In 2005, relations between the Fijian and Indo-Fijian communities were strained by the debate over the Reconciliation, Unity and Tolerance Bill introduced by the government of Prime Minister Laisenia Qarase. Key provisions of the bill provided amnesty for ‘political’ crimes, though the commander of the Fiji Military Forces (FMF) sought full punishment for all offenders. Parliament has also supported bills giving Fijians greater control over resources, including coastal land, partly in the wake of pressures for compensation, a Melanesian trend that has increasingly become evident in Fiji.

Current state of minorities and indigenous peoples

While the Indo-Fijians are the principal minority population and are marginalized in various ways, the newer Chinese population are widely resented for their presence in certain components of commerce and their links to some forms of international crime.

Although there is extensive inter-marriage with indigenous Fijians, the small Melanesian community – descendants of Solomon Islanders and New Hebrideans – retain a distinct identity.
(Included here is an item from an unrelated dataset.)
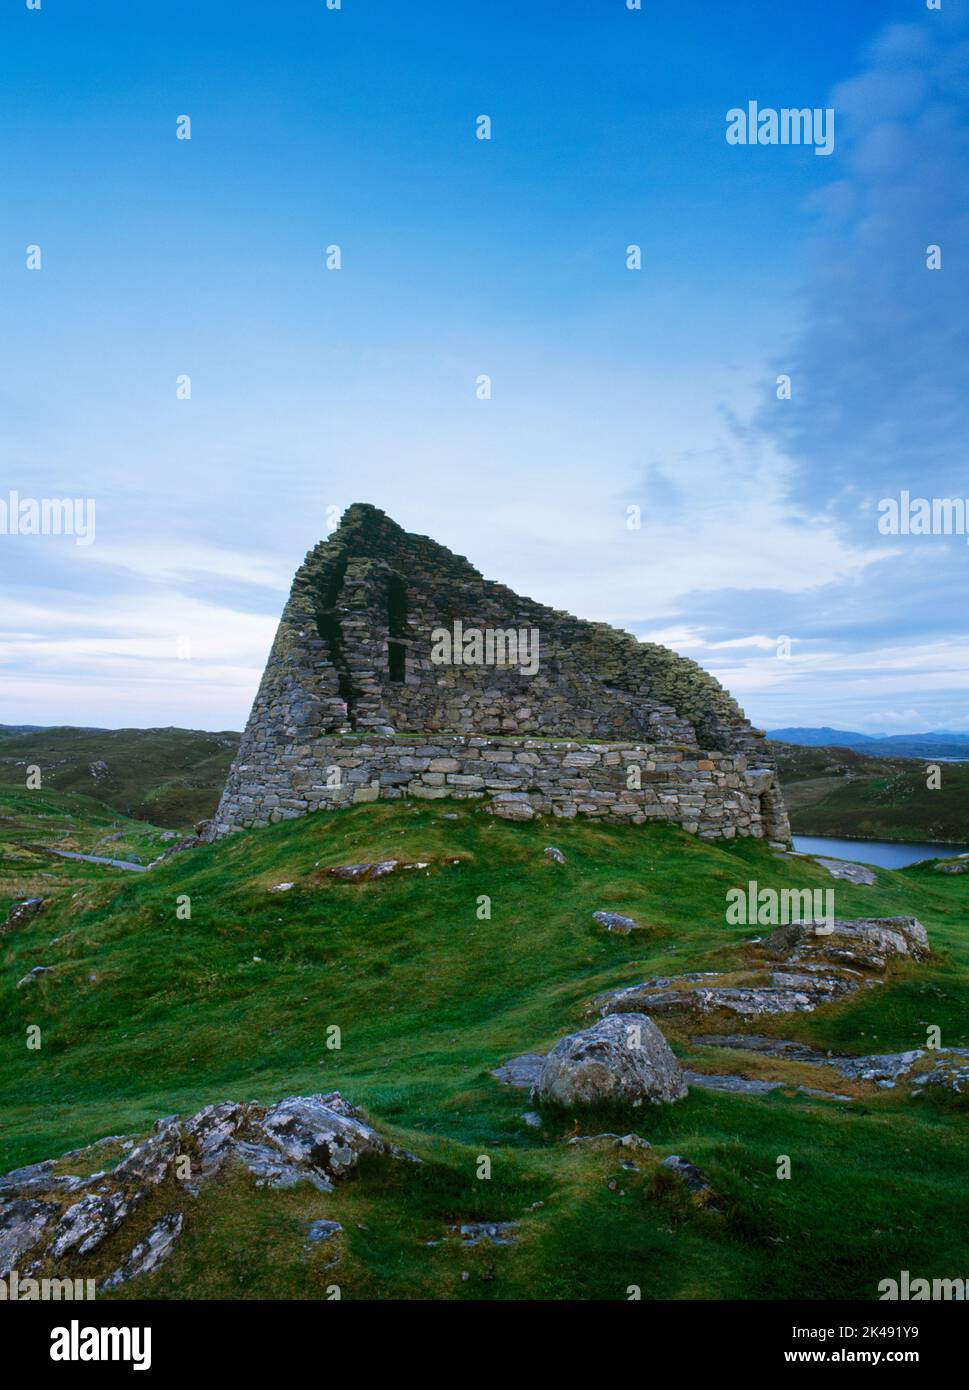 View SSW of Dun Carloway Iron Age broch, Isle of Lewis, Scotland, UK, showing entrance (R) & the inner & outer drystone walls containing a staircase. Stock Photo

Because many cannot claim land rights, they are organizing to claim improved livelihoods.

After the 2006 elections, Indo-Fijians of Chaudhry’s party took their place in the cabinet in a hesitant step towards more effective reconciliation. In the course of a decade of turbulence the Indio-Fijian population has fallen proportionally and absolutely, and the country has lost considerable talent.

A military coup ousted the government on 5 December 2006. The take-over – Fiji’s fourth in two decades – was the culmination of a long impasse between coup leader Commodore Frank Bainimarama and Prime Minister Laisenia Qarase over attempts to offer pardons to conspirators in the 2000 coup and to grant lucrative coastal land ownership to indigenous Fijians. Commodore Bainimarama, himself an indigenous Fijian, said the bills were unfair to the island’s Indo-Fijian minority. The island subsequently enjoyed a relative calm; an interim government took shape, with eight ministers being sworn in to work under Bainimarama who was declared Prime Minister in January. The State of Emergency on the island was lifted in May 2007. Ongoing conflict between Bainimarama and the Great Council of Chiefs led him to sack the Council and suspend all future meetings in April 2007, after the chiefs refused to endorse his government and his nomination for vice-president.

With increasing urbanization, disillusionment with the behaviour of chiefs and conflict between different indigenous federations, the role of Fijian chiefs is often called into question by indigenous Fijians themselves. This is not to say that indigenous Fijians wish to abolish the chiefly system, nor abandon their traditions and culture; but it does mean that they are not satisfied with the current, postcolonial chiefly system and do wish to reform it in some way.